Recent results in non-asymptotic Shannon theory

The results of Shannon theory are asymptotic and do not reflect the finite codeword lengths used in practice. Recent progress in design of channel codes and distributed source codes has made it crucial to understand how quickly communication systems can approach their ultimate limits.

Shannon theory is largely based on joint typicality. However, for finite block length n, joint typicality may not hold. Therefore, we accept a probability epsilon of codeword error. Our goal is to optimize the performance among communication systems that satisfy an (n,epsilon) constraint.
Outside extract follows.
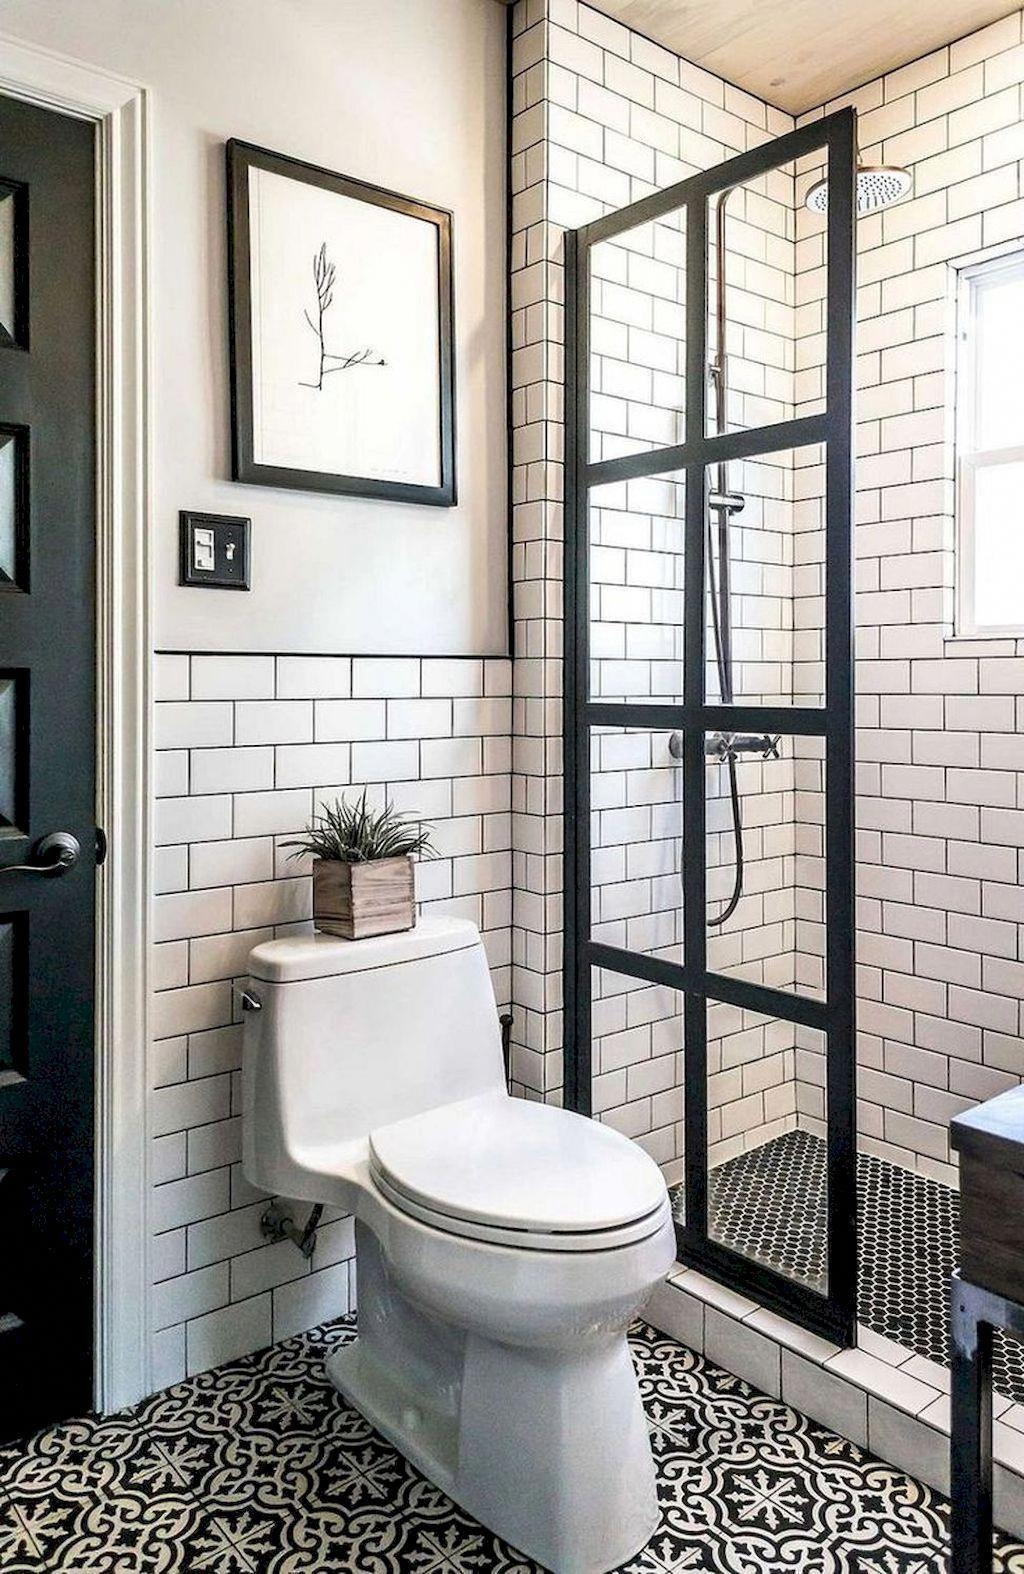 Facts On Beautiful Showers Do It Yourself Bathroomideasn Bathroomremodelfromhell Bathroomrenovationsadelaide

Such non-asymptotic performance measures provide a more informative benchmark for verifying the efficiency of practical systems.

We discuss several channel coding and distributed source coding setups. In these systems, the finite n induces a gap O(1/sqrt(n))to the classical performance limits. Our non-asymptotic measures refine the classical results, because for any epsilon they converge to them as n increases. Finally, we consider a distributed source coding setup with unknown source statistics. We provide an achievable feedback-based scheme whose redundancy rate is as large as O(n^-1/3). This penalty is greater than theO(1/sqrt(n)) penalty with known statistics. Unfortunately, unknown statistics may also be costly in other Shannon theory applications, in particular universal channel coding.

Dror Baron received the B.Sc. (summa cum laude) and M.Sc. degrees from the Technion – Israel Institute of Technology, in 1997 and 1999, and the Ph.D. degree from the University of Illinois at Urbana-Champaign in 2003, all in electrical engineering. From 1997 to 1999 he worked at Witcom Ltd. in modem design. From 1999 to 2003 he was a research assistant at the University of Illinois at Urbana-Champaign, where he was also a visiting assistant professor in 2003. Since 2003 he has been a postdoctoral research associate in the Department of Electrical and Computer Engineering at Rice University. His research interests include information theory and signal processing.

Dr. Baron was a recipient of the 2002 M. E. Van Valkenburg Graduate Research Award, and received honorable mention in the Robert Bohrer Memorial Student Workshop in April 2002, both at the University of Illinois. He also participated from 1994 to 1997 in the Program for Outstanding Students, comprising the top 0.5% of undergraduates at the Technion.